There is no more powerful force in George Eliot’s fiction than marriage. It wrecks her characters’ health, forces them to give up their professional ambitions, and reveals them for who they really are. A “liberal allowance of conclusions,” Eliot writes at the beginning of Middlemarch, “has facilitated marriage under the difficulties of civilization. Has any one ever pinched into its pilulous smallness the cobweb of pre-matrimonial acquaintanceship?”
This skepticism about marriage seems at first to be borne out by the best-known detail of Eliot’s personal life: She lived for nearly twenty-five years out of wedlock with the writer George Henry Lewes, who remained for all that time married to another woman. By Eliot’s own account, theirs was a blissful union. As Brenda Maddox writes in her compact, entertaining George Eliot in Love, the pair were “intellectual soul mates.”
Nevertheless, marriage, much more than love, emerges in Maddox’s book as the defining theme of Eliot’s life. Despite its title, the book is not an impressionistic tour of a writer’s sexual persona (like Edna O’Brien’s 2009 Byron in Love), but a streamlined, chronological biography that leaves much of the work of interpretation to the reader. The approach has its pitfalls: Some omissions, particularly close readings of Eliot’s own writing, are glaring. But Maddox gives a strong impression of the facts of Eliot’s life and conveys that by the time she went to live with Lewes, effectively exiling herself from respectable society, Eliot had long felt herself an exile, and that the institution of marriage was partly to blame.

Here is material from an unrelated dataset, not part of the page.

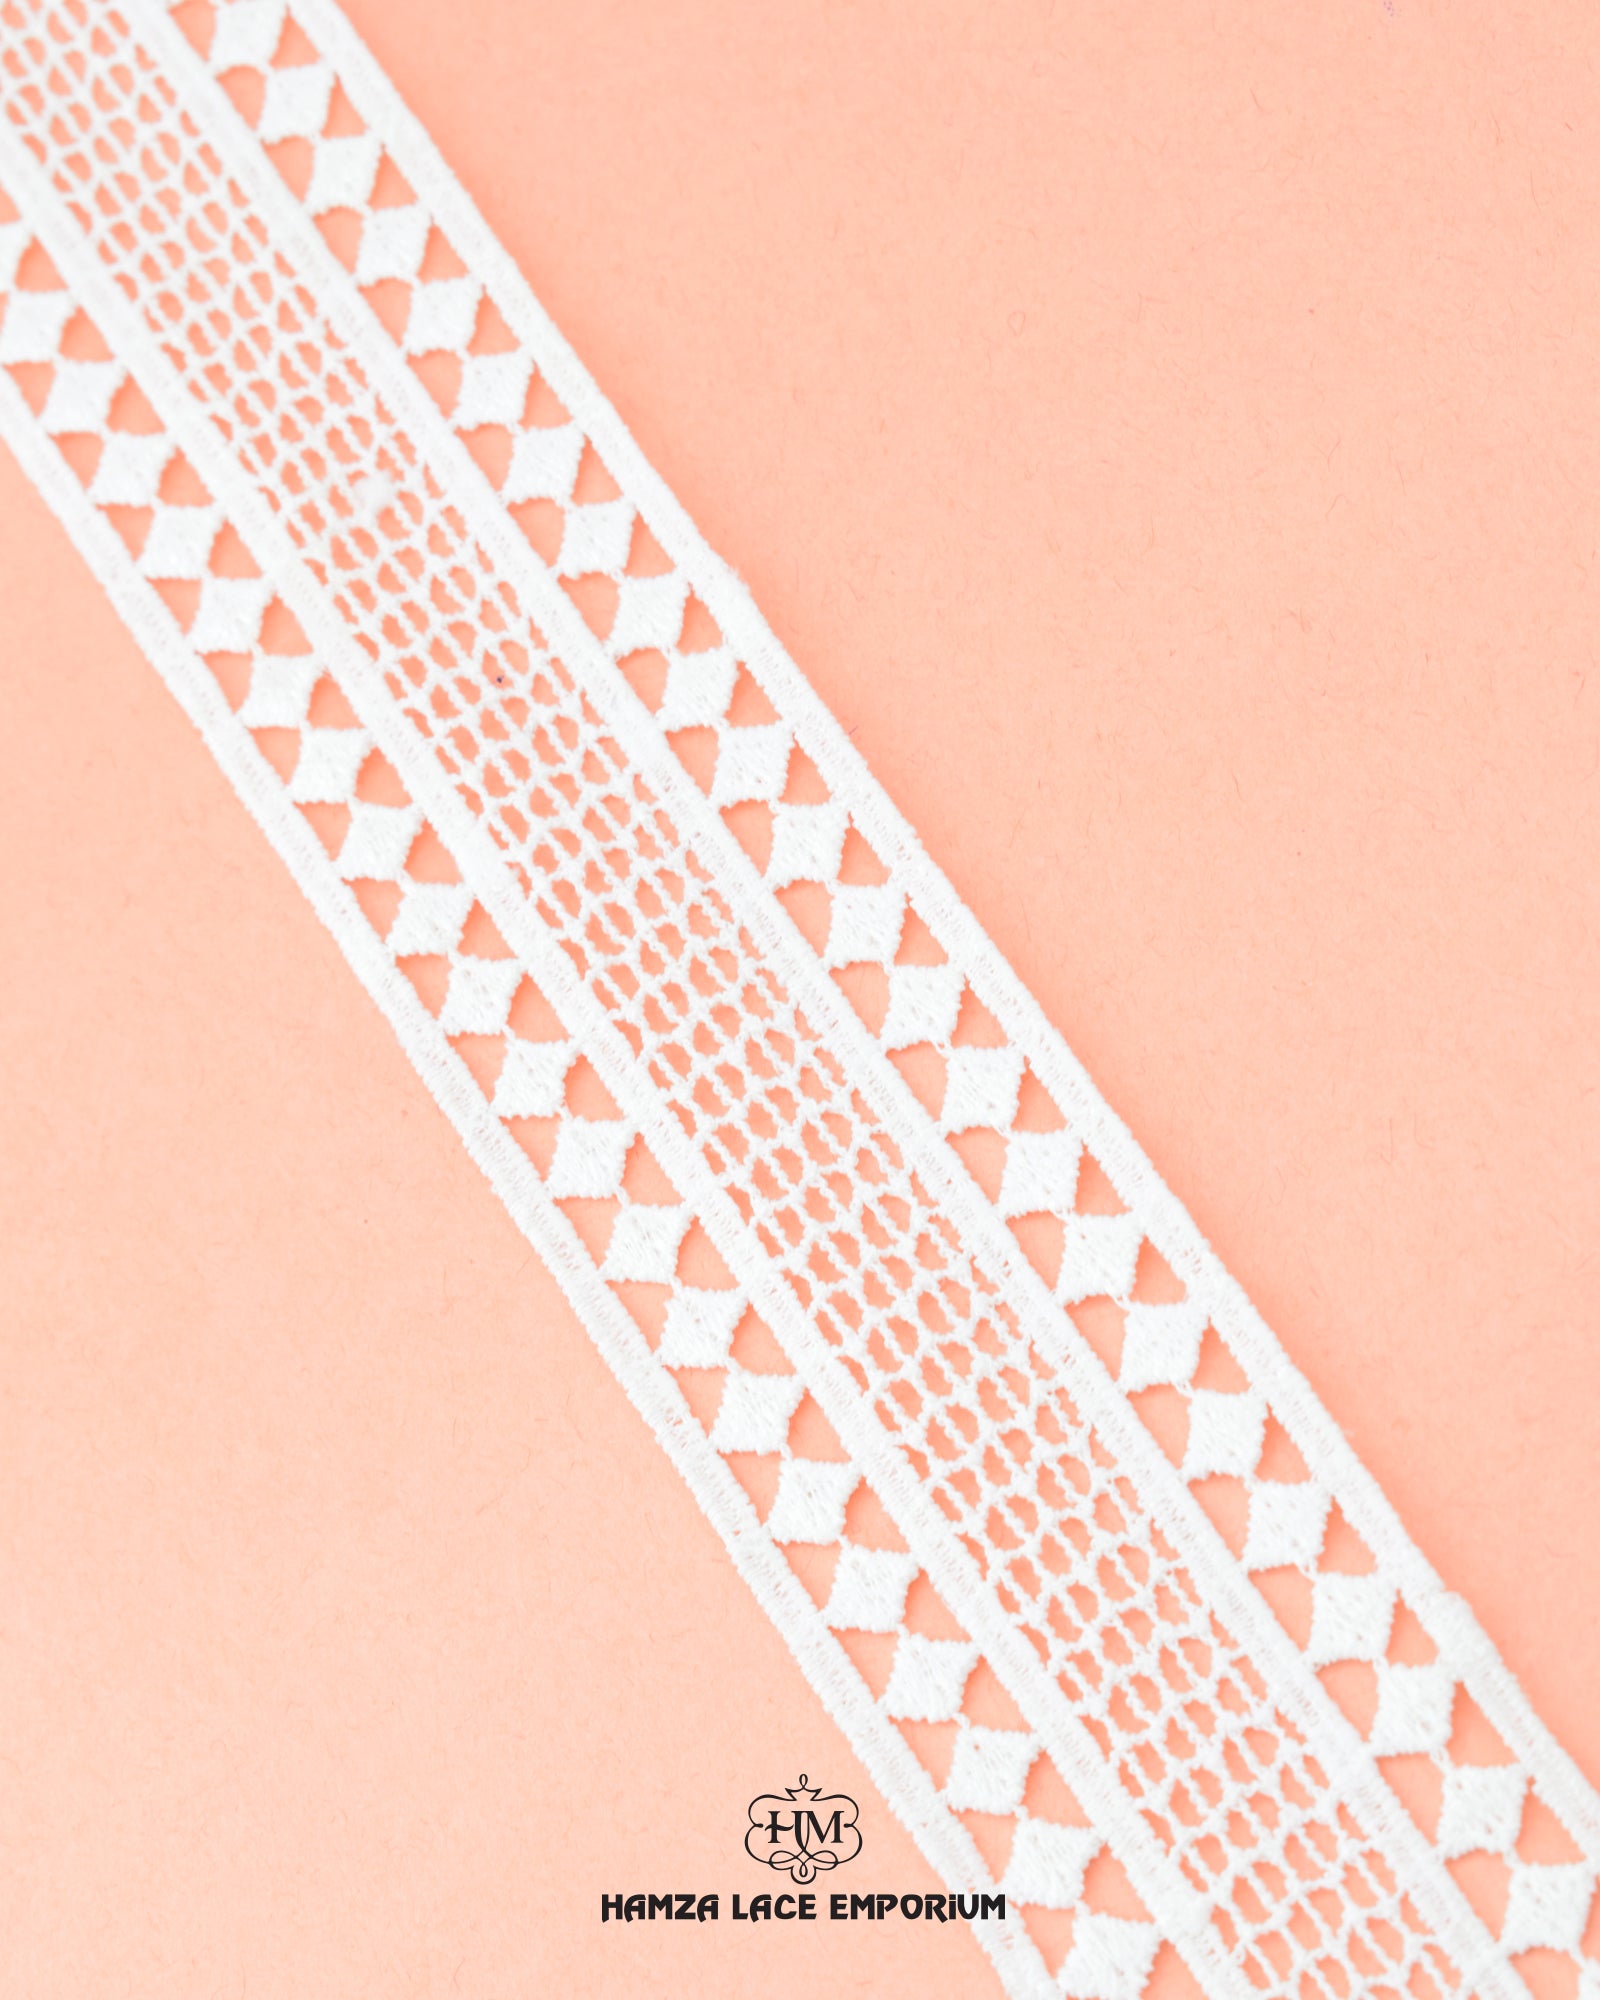 'Center Filling Lace 23202' with the brand name 'Hamza Lace' at the bottom

Mary Anne Evans was born in Warwickshire in 1819, the second daughter of middle-class parents, which is another way of saying that marriage was expected of her. But there was an impediment: her “vast ugliness” (as Henry James famously put it). By the age of twenty, Eliot was convinced that “the bliss of reciprocated affection” would never be hers. By twenty-one, she had fallen in with a group of freethinkers who held that marriage should be open, had lost her faith, and had entered into her first close relationship with a married man. There were to be several such relationships throughout her twenties, with men who were intoxicated enough with her daunting intellect to overlook her lack of physical beauty.
She was thirty-four when she moved in with Lewes, who persuaded her to try her hand at fiction, helped her with her plotting, and shepherded her through crises of confidence. It may be easy, given the success of the relationship, to think of Eliot as ahead of her time. But Maddox warns against such anachronistic reading: “Imaginative effort is needed to appreciate the suffering caused . . . by the impossibility of marrying the man with whom she shared her life.” Eliot, Maddox argues, was essentially conservative and, proud as she was of her relationship with Lewes, very much desired the legitimacy a legal marriage would confer: She called herself Mrs. Lewes, and she allowed others to believe that she was. When pressured to announce herself as the author behind George Eliot’s works, she hesitated, Maddox suggests, because she was “embarrassed by her irregular social status.”
This embarrassment never entirely went away, and after Lewes’s death Eliot married a much younger man, John Cross. The marriage seems to have been one of mutual affection, not sexual or financial in nature. It did not give Eliot much, but it gave her legitimacy, if only briefly: She died seven months after becoming a wife for the first time, at the age of sixty-one. And so she ended her life not as a fictional Mr. Eliot or as a fictional Mrs. Lewes, but as the real Mrs. Cross.